The coachman overheard a conversation between Davis and Dr. Gwin, formerly United States Senator from California. Davis said he had sent General J. R. Anderson from North Carolina to resist the march of the Nationals from Fredericksburg, and to delay them long enough for him to see the probable result of the contest before Yorktown, so that if that was likely to be unsuccessful he would have time to extricate his army from the peninsula and get them into Richmond and out of Virginia; that otherwise they would all be caught. The coachman represents that Mrs. Davis said “the Confederacy was about played out,” and “that if New Orleans was really taken she had no longer any interest in the matter, as all she had was there; that it was a great pity they had ever attempted to hold Virginia and the other non-growing cotton States;” and that she said to Mrs. D. R. Jones, daughter of Colonel James Taylor, United States Commissary-General of Subsistence, who was very anxious to get to Washington, where she has one of her children, “not to give herself any trouble, but to stay where she was, and when the Yankees came to Richmond she could go.”
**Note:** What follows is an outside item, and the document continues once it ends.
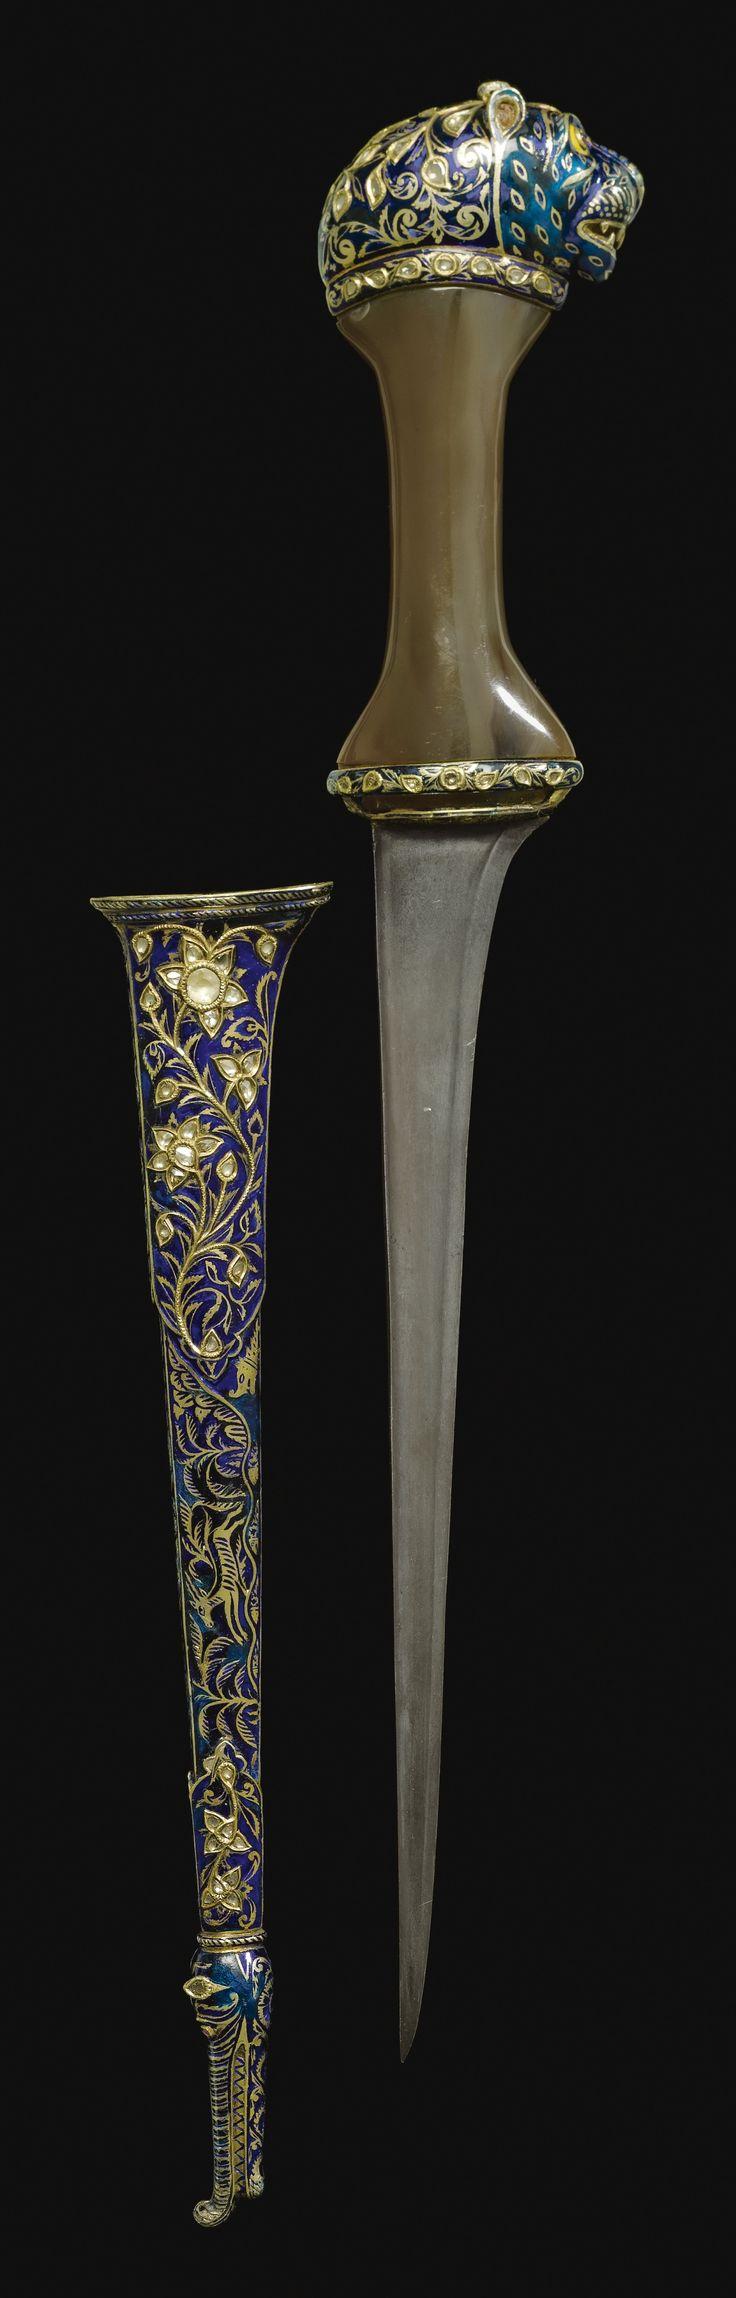 Puñal tipo estilete de la guardia del Sultán de Tipu - Seringapatam, India - C 1790.

The coachman says that Mr. and Mrs. Davis have all their books, clothing, and pictures packed up ready to move off; that there is much outspoken Union feeling in Richmond; that, having been a waiter in a hotel there, he knows all the Union men of the place, and that the Yankees are looked for with much pleasure, more by the whites than even the colored people. Confederate money is not taken when it can be avoided.

Miss Davis herself was refused, when she offered a $10 Confederate note, which she did in payment for something purchased for Mrs. Brown.

Many of the Richmond people wish the Union troops to come, as they are half starved out.

The bank and Government property are all packed up for removal to Danville, near the North Carolina line.

Jackson is a man of thirty years of age. He is or was owned in Richmond, but was hired out by the year by his owner. For some years he was a messenger in one of the courts; he drove a hack for a couple of years, and latterly, as we said, he drove the rebel President. He has a wife and three children, all slaves, in Richmond. It is a misdemeanor at law in Virginia to teach William Jackson’s children to read.